Search
Close this search box.

I’ll Never Conform

This is going to make me sound like the crazed anarchist popular culture so often depicts:

I hate blind societal appeasement. It’s dangerous, soul-sucking, and just flat out depressing.

I was not made to conform and follow the unchanging path paved by society throughout the many generations of human civilization.

Never was. It’s not only a phase I’m going through right now, or a recent change in mindset.

No, I’ve always been this way.

I was referenced to as the “runaway kid” by a very close family member, and he’s 100% right.

“Zaid, who used to climb literal gates to run away, is now in his adult life climbing imaginary gates to run away.”

I was expelled from high school for being different.

Yuck, I absolutely hated high school- it was the worst kind of prison, and cemented my disdain for the kind of authority I was running against. There was teacher favoritism, some excruciatingly stupid rules, silly hierarchy, ageism, and worst of all: I was surrounded by societally complaint airheads.

There was a lot that I disagreed with, but my objections were twisted by those in authority.

Oh, by the way, I equally hated mostly everything I remember of middle school, elementary school, and kindergarten. I’d cling to a tree and passionately cry in the morning, begging my mother to not send me off.

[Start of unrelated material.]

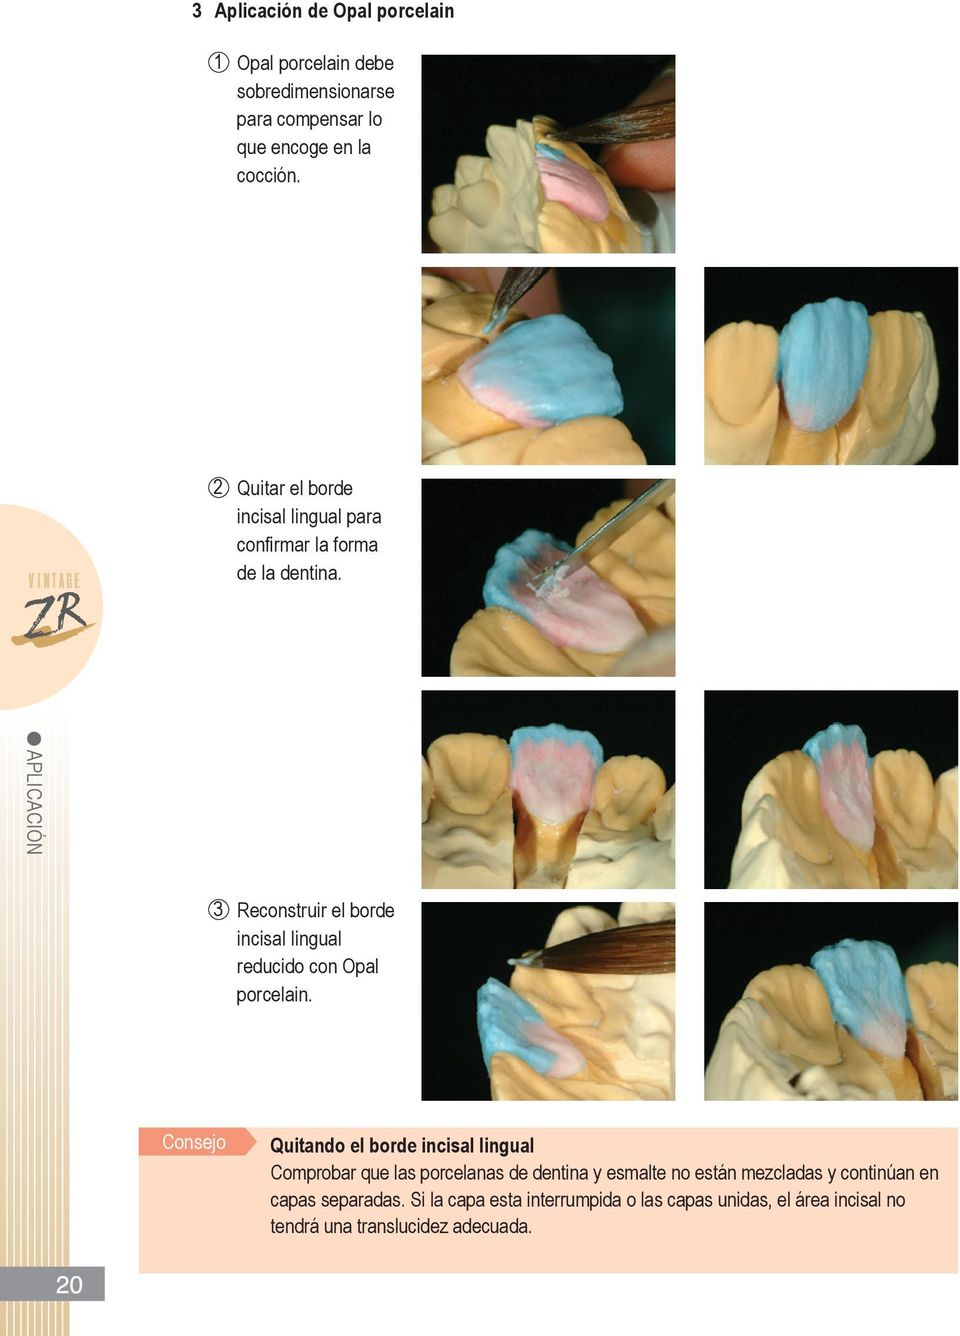 APLICACIóN 3 Reconstruir el borde incisal lingual reducido con opal porcelain.

I wish I was never forced into that horrible system- I always felt like a fish out of water.

I was fully cognizant at a young age that the school system was no environment for someone like me to be in.

In my adult life, too, I’ve been stuck in environments that drain my energy and prevent the true expression of my personality. 

Like the corporate world, which I’m still unfortunately a part of. But how would I get out? Society has it made it tremendously difficult to stray.

I need to find a way out.

What if I don’t accept the ‘norms?’ How would a non-conformist like myself make it amongst all the motorized people?

Little do they know that from my perspective, they are malfunctioned machines.

But who cares about my perspective? From theirs, they are well-primed and perfectly functioning and unique machines (although some don’t even admit that they’re programed).

In truth, we’re all motorized machines in one way or another. Creations.